When I get a chance to take some photos I'm going to put them on the club's website and I'll post a link here.

Re: OK - It's too quiet ...

Well, the plan is to release a book with some more optional rules and more fighters in the next month or so -- and I think after careful deliberation I'm going to put in some conversion rules. Maybe not the "official" computations (since some of them are a bit intensive), but certainly the point-costing formulae, so that whatever you decide regarding game values will be balanced with the official designs.

Daniel Kast
Majestic Twelve Games
cricket@mj12games.com

Re: OK - It's too quiet ...

That might work... a friend of mine has all of the figurines they made for the original Crimson Skies game.... I'd love to convert a couple of those planes over, and see how they fair against the historical designs.

John

Re: OK - It's too quiet ...

cricket wrote:

Well, the plan is to release a book with some more optional rules and more fighters in the next month or so -- and I think after careful deliberation I'm going to put in some conversion rules. Maybe not the "official" computations (since some of them are a bit intensive), but certainly the point-costing formulae, so that whatever you decide regarding game values will be balanced with the official designs.
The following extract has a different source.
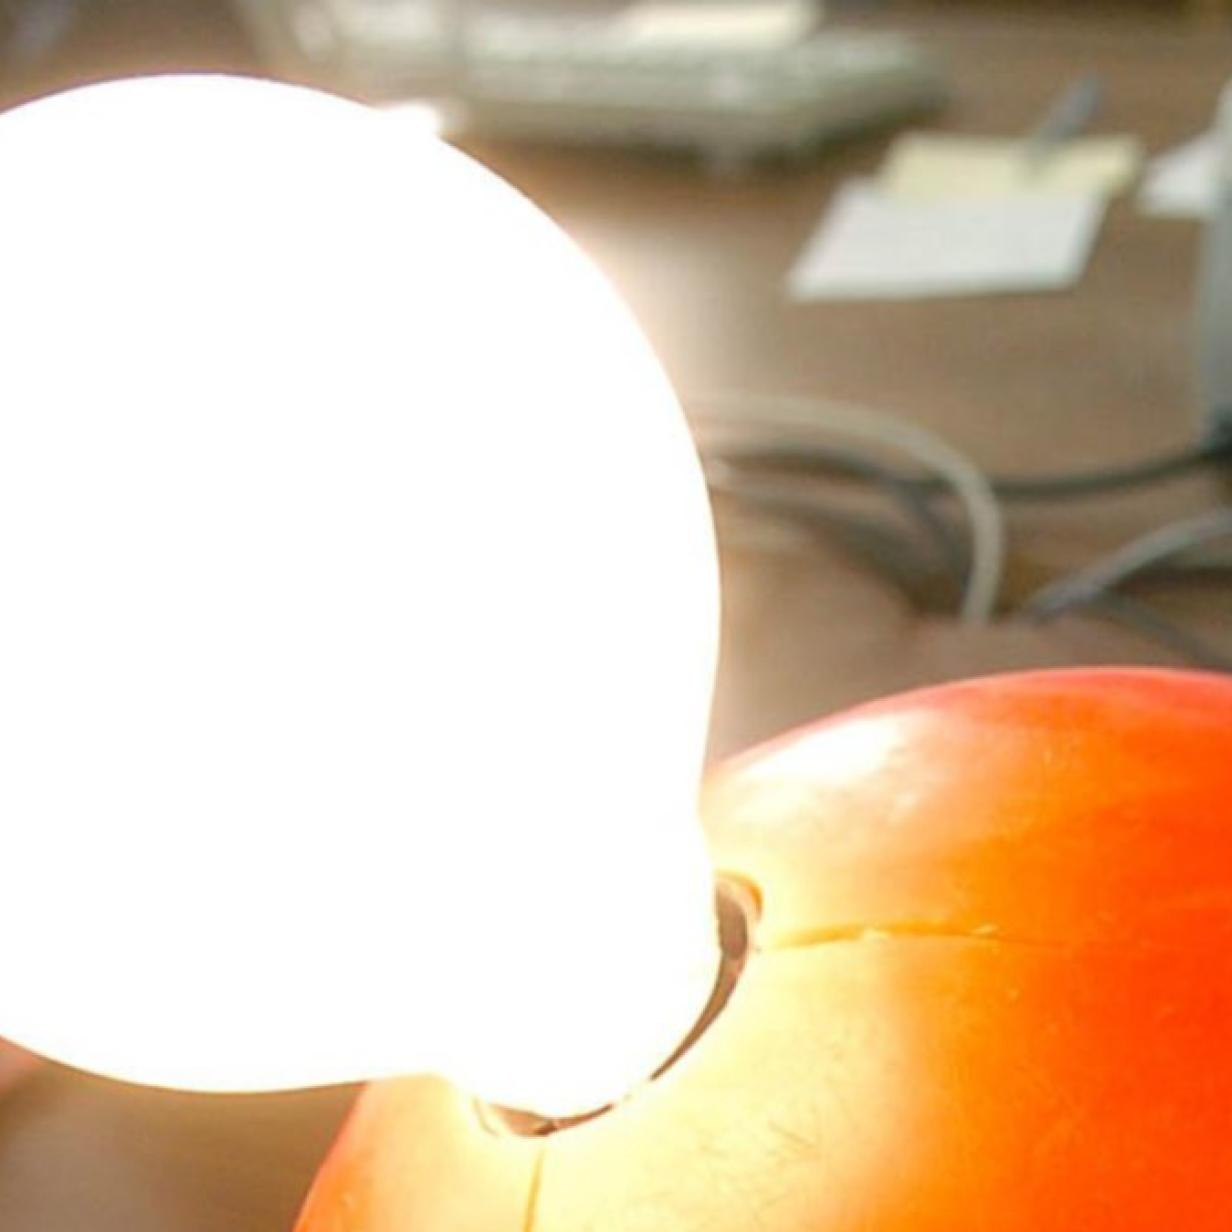 Drahtlos-Netzwerk mit Licht deutlich schneller als WLAN

Well, that's certainly better than nothing, and it would let people fiddle with things - but as you know, I'd far rather see the whole shebang made available. 

From my perspective (as if it were my game), I'd rather do it that way and let people stat up their own planes from their own sources than deal with an endless stream of request for OFFICIAL stats for this or that obscure plane.  This is one of the beauties of Starmada - as long as one does the formulae right (and the spreadsheet takes care of that) ANY ship that a player comes up with is, by definition, official.  Also, since one of the given design criteria of the game was to NOT base ratings on "this plane is supposed to maneuver better than that plane," I would not want to leave players with no choice but to do just that when rolling their own. 

Again, if it were me, I'd want to sell the RULES - the mechanisms of play - not the stats.  In order to protect the IP, I'd either take down the free demo or take a good bit out of it so that it was not the complete game mechanics.  There's a precedent for this with the demo version of Grand Fleets.  It would be more difficult, though, to put up a stripped down Spitting Fire demo that gives a good feel for the game than it was for Grand Fleets.  The rules are so slim (relatively speaking) that if you take enough out, there may not be enough left.

Just my own personal druthers.

Doug

Re: OK - It's too quiet ...

Nahuris wrote:

That might work... a friend of mine has all of the figurines they made for the original Crimson Skies game.... I'd love to convert a couple of those planes over, and see how they fair against the historical designs.

I believe that someone did some stats for that game, but don't remember who. I see a couple of problems.....

- without a license from the Crimson Skies folks (and I'd think it unlikely even if MJ12 had the funds), you can't publish 'officially'. 'Unofficial fan supplements' could be posted on a fan site.

- I suspect that many of the Crimson Skies designs would be about as airworthy as a brick in real life, and wouldn't be real balanced against actual aircraft - might be fun, though. If the 'conversion rules' account for that, it might be balanced enough.

Hard Vacuum might be kinda fun as a conversion - somewhere between Iron Stars, Crimson Skies, and Spitting Fire.